Autoencoders are Machine-Learning models that learn to replicate data that is provided as input in the output the generate. Accordingly, Autoencoders operate as copy machines. What makes an Autoencoder’s task both challenging and interesting is the fact that it has to deal with an information bottleneck. Data that passes through this bottleneck is of much lower dimension than that of the input and output data. In order to succeed in their data replication task, Autoencoders have to learn an effective abstraction of the data. This abstracting plays the role of an encoding of the data from which it can be faithfully reconstructed.

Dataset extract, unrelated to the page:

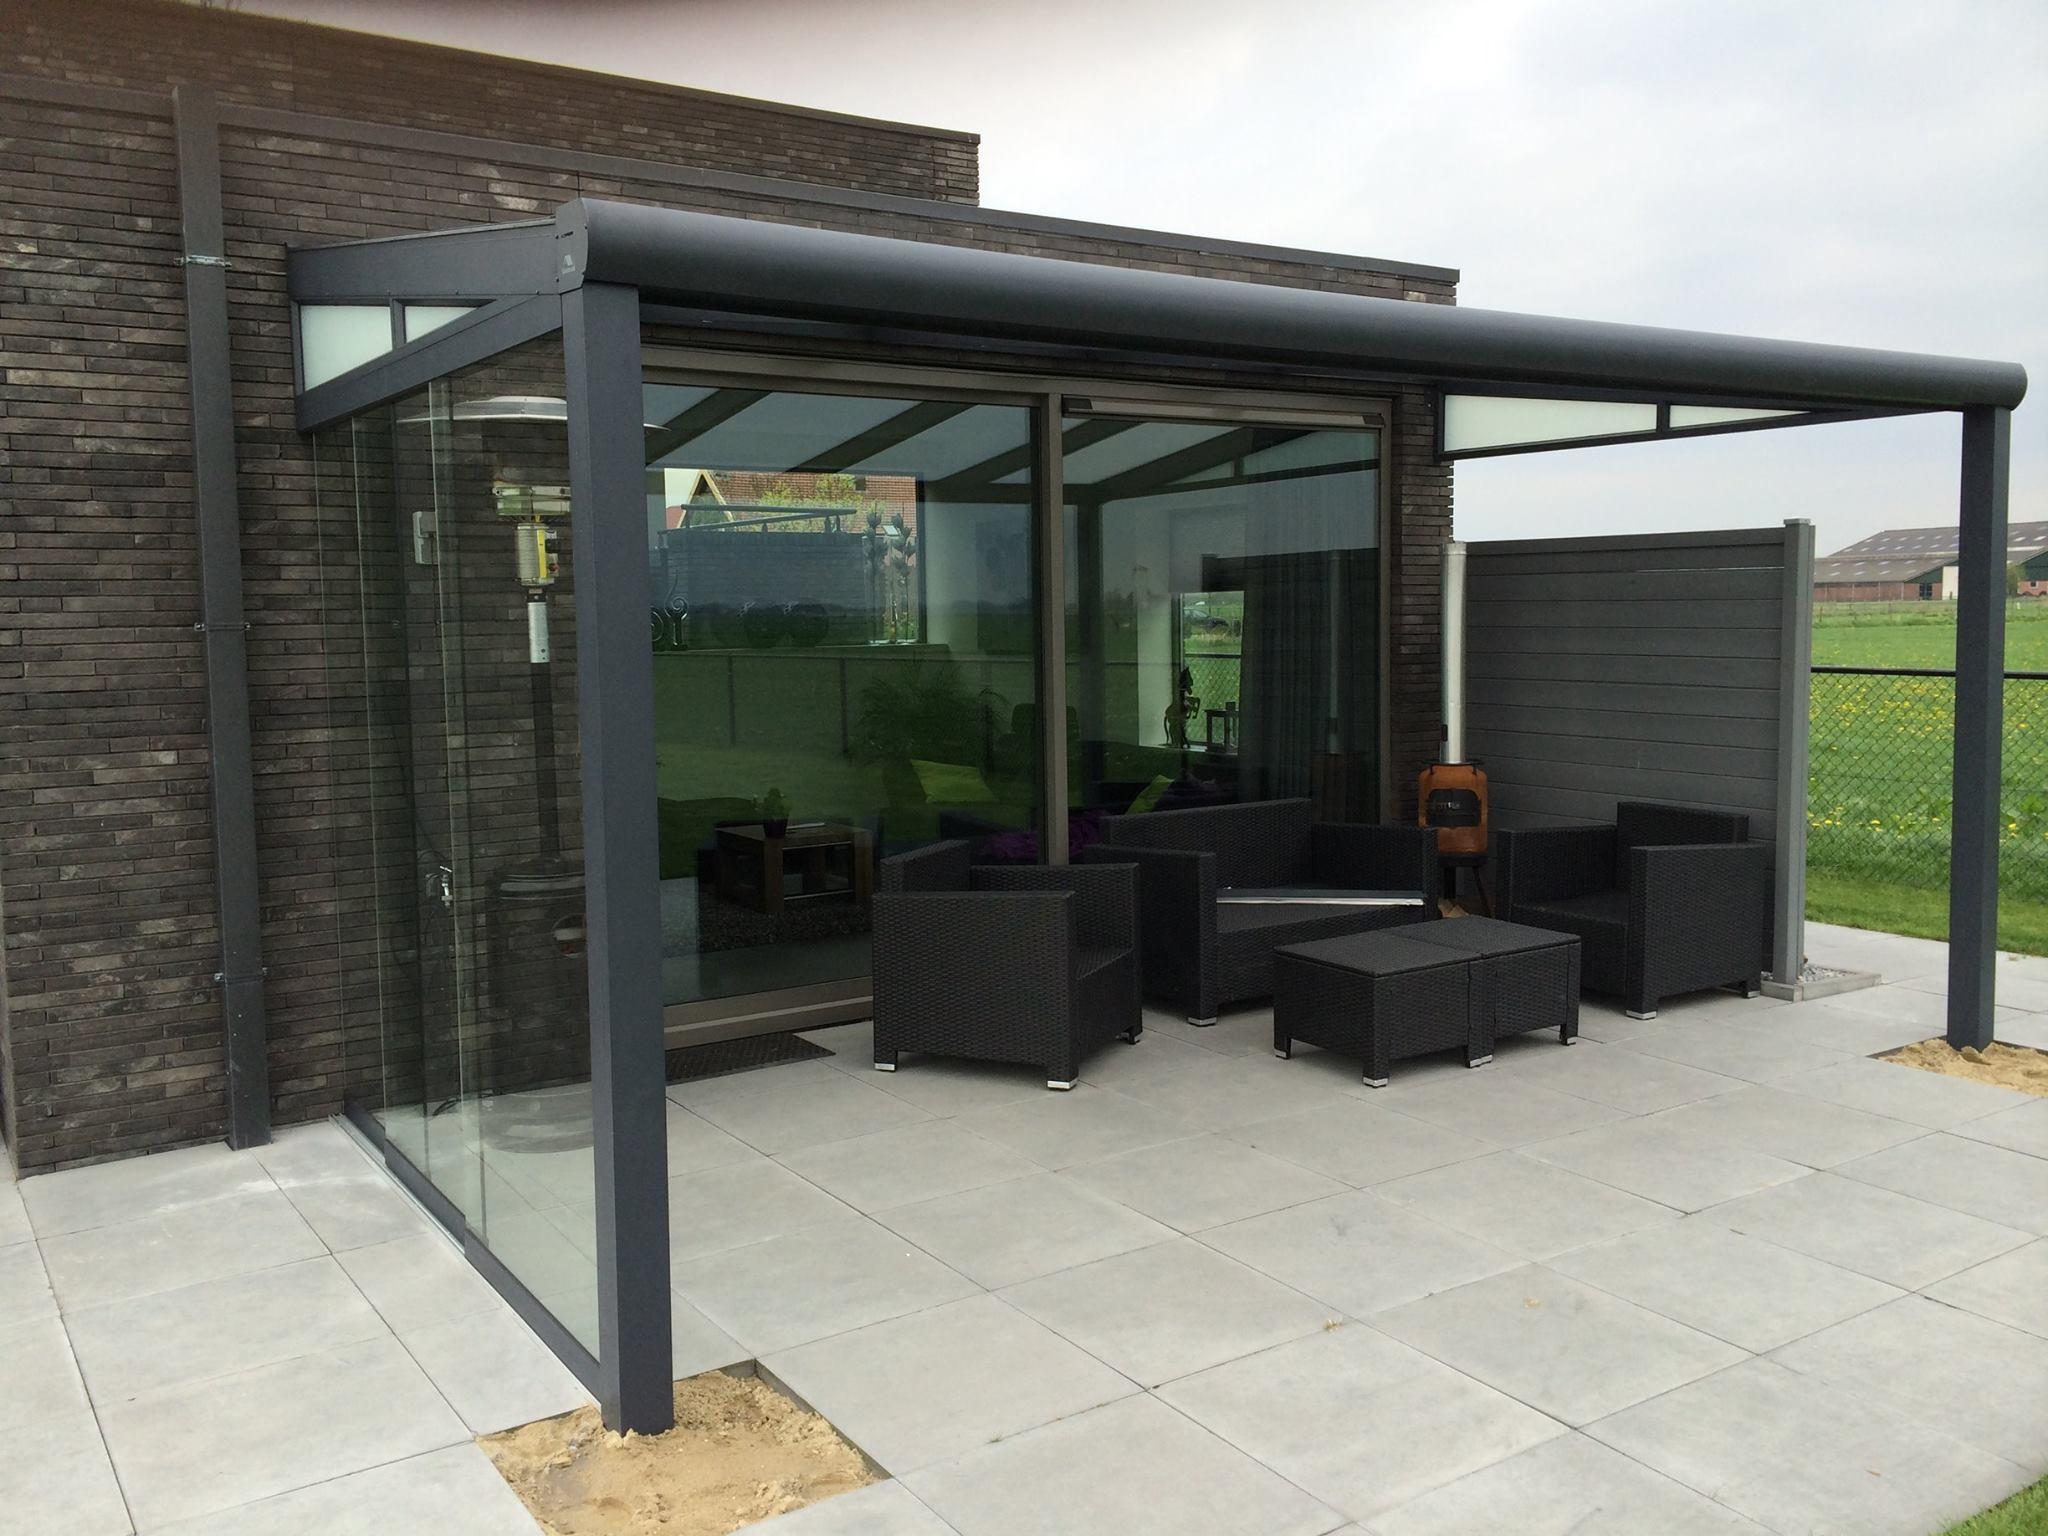 Pergola modern mat antraciet met glazen schuifdeuren aan de zijkant - Pergola dakbedekking ...

Bottleneck Layer in an Autoencoder. ©Hmrishav Bandyopadhyay

Autoencoders are the somewhat related to Generative Adversarial Networks. They are also frequently used for creating synthetic images. Autoencoders consist of two models, named Encoder and Decoder. The Decoder plays the same role as a Generator in a GAN. The Decoder takes as input a low dimensional vector and generates a synthetic image from it. Contrary to a GAN, this vector does not contain random values. Instead, it is generated by the Encoder. The Encoder takes an image from a dataset and generates a latent vector that represents the image’s encoding. This vector is then passed as input to the Decoder which generates a synthetic replica of the original image.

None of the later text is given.